In some ways this event is ironic, seeing as how the salmon leave the streams and enter the ocean in order to fatten up and prepare for the run back up the rivers in order to spawn. In like manner, the bears eat the salmon in order to fatten up and prepare to hibernate through the winter.

Grizzly bears are generally solitary animals, preferring to be alone. But when the salmon run begins, they can be found in groups around the best fish catching zones in the rivers. Grizzly bears are omnivores, and eat a variety of foods in order to prepare for hibernation. Salmon play a key role in grizzly bears being able to put on large fat reserves in preparation for winter denning. This period is particularly important to pregnant mother grizzlies that will need to nurse young.

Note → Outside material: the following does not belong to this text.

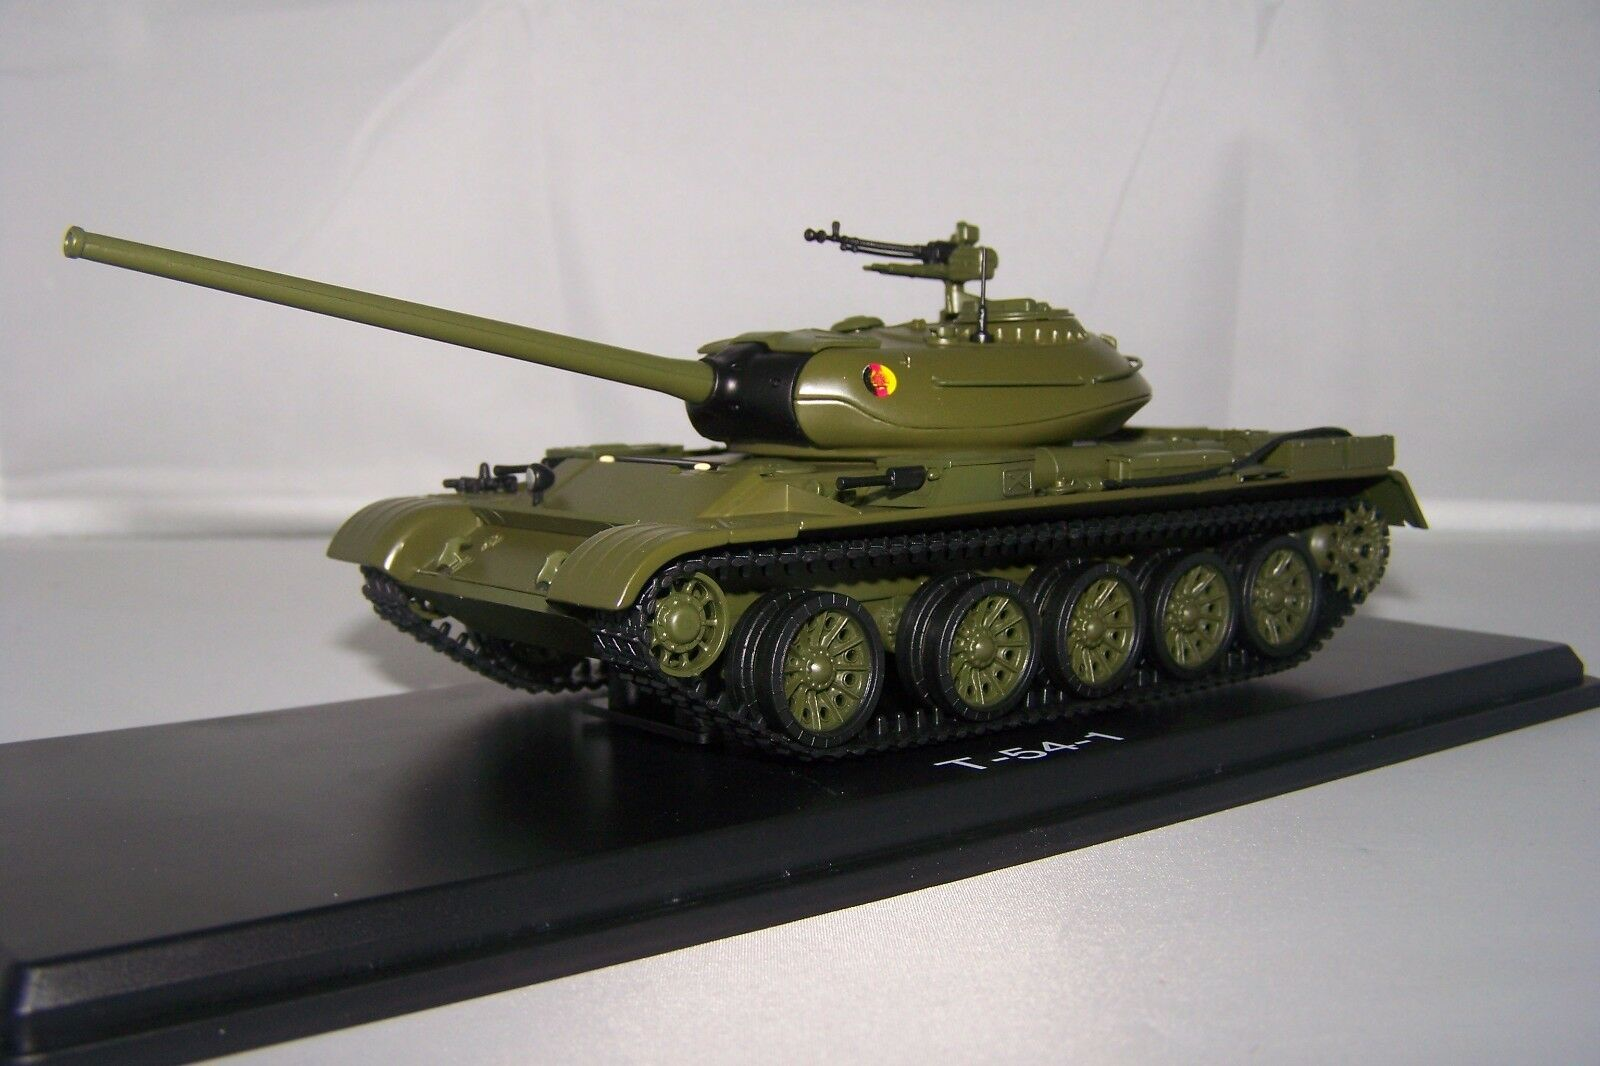 1/43 Militaire PremiumClassixxs  47027  T-54 char de la nva

Scientists in recent years have discovered that salmon perhaps play the most important role in a grizzly bear’s diet. The trees and environment around rivers and areas where the salmon run benefit greatly from the nutrients provided by salmon, and spread by the grizzlies after eating the fish. Salmon represent a more digestible food source than most others preferred by the grizzly. Many scientists now warn that human pressures on salmon are to blame for the demise of the grizzly bear in the northwest, and this same threat transfers to the forest. Protect the fish. Protect the bears. Protect the forest. All three of these life forms are connected.